Techniques like cyclic LR, cyclic momentum, AdamW are state-of-the-art methods for training Neural Networks. But do these techniques transfer to Machine Learning models also.
Intuitively, the reason for superconvergence is well explained in the Super-convergence paper by Leslie N.Smith and it can carry to machine learning models also, as at the end we are just trying to find a minima of the loss function, which does not depend upon the architecture of our model, but on the parameters of our model.
Can someone tell if I am on the right path? I am thinking about making a notebook comparing classic sklearn models with and without the above-mentioned techniques.
Also, I am having some confusion. Can people from their experience share which optimizer generally works best for them. I have been using AdamW, but in many research papers that I have read, they have used RMSprop with momentum. Are their some theoretical benefits behind using RMSprop instead of Adam.
Depends on what kind of models you are talking about. Some of them do not have a notion of learning rate, while others have concave loss surfaces that do not need advanced learning rate scheduling.
As for the second part of your question, Adam has been for a long time the default choice of an optimizer in practice, but when people strived for state of the art results, it somehow converged to worse minima. Sebastian Ruder does a great job explaining the reasons here:
On the other hand, AdamW is quite a new method of optimization and is not implemented by defaults in major DL libraries, so I guess when it makes it way into PyTorch or Tensorflow, it gain bigger adoption.
If we forget about concave loss surfaces (as we can deal with a negative sign in that case). I don’t want to comment much about it, as I have yet to experiment with it, but does it make sense to use the above techniques for models as simple as linear regression (as the loss function is still similar to the superconvergence one)?
And thanks for the article you posted. It is very intuitive.
And if we are on this topic, what about GANs? @jeremy maybe you can help in this case, as I have not experimented much with GANs and you can tell whether the techniques of cyclic learning rate and momentum and AdamW also apply to GANs.
We cannot use the loss curves for selecting the hyperparameters in this case.

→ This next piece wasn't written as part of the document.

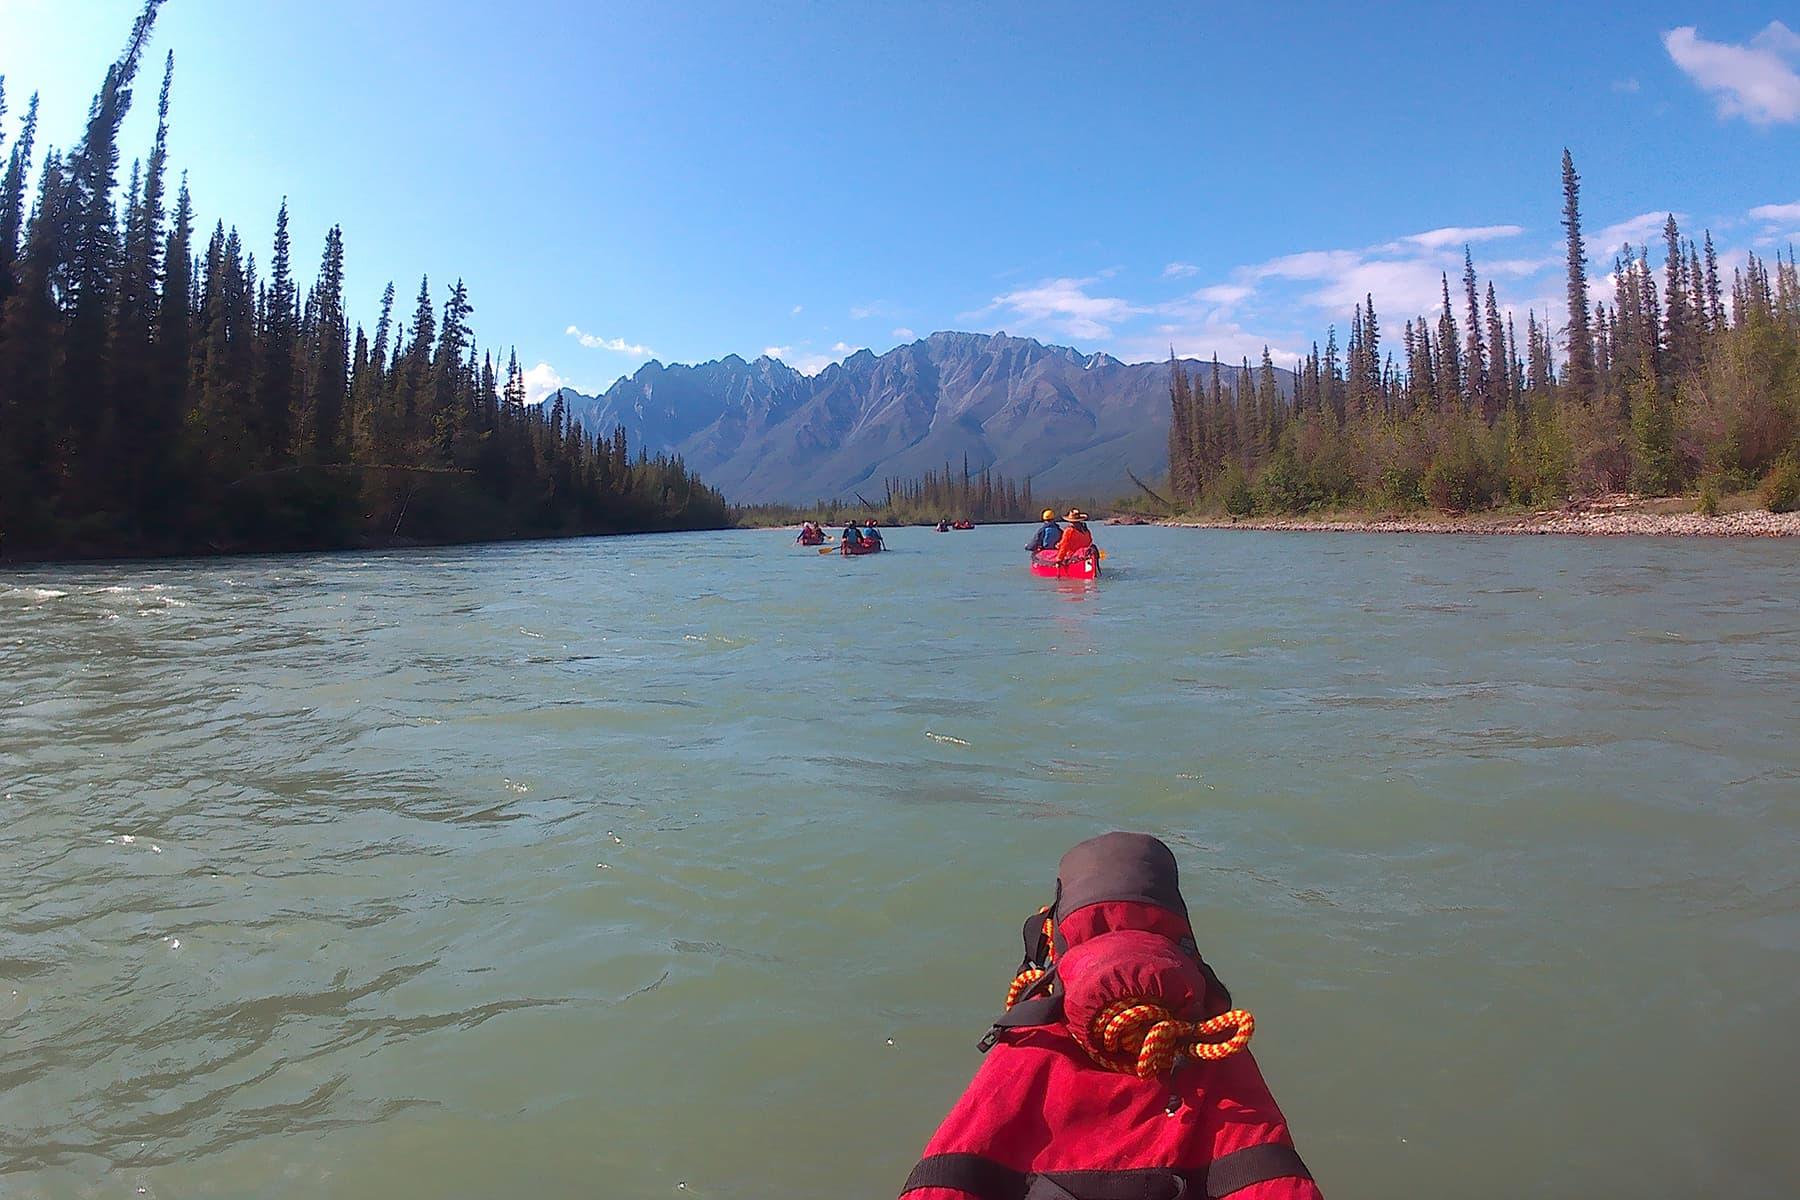 Canoeing the Broken Skull River

And one of the important points laid by Leslie in his papers is to monitor the loss curves for first few iters to get the values of all the hyperparameters. I am just not able to get the idea, how to do this in case of GANs. Are there any other techniques for training GANs that I am not aware of?
Well there’s no point using an optimization procedure for linear regression as you can solve for the best fit analytically. You could use it for logistic regression. You can look at the optimizers sklearn uses for comparison.
For GANs you can look at the lesson 7 WGAN notebook. It uses adam with the momentum coefficient set to zero. This is covered in the lesson video.
Actually it is often very expensive to solve for best fit analytically. For example, inverting a matrix is often posed as an optimization problem for more efficient solution than O(n^3)
I am sorry, when I said concave, I actually meant convex.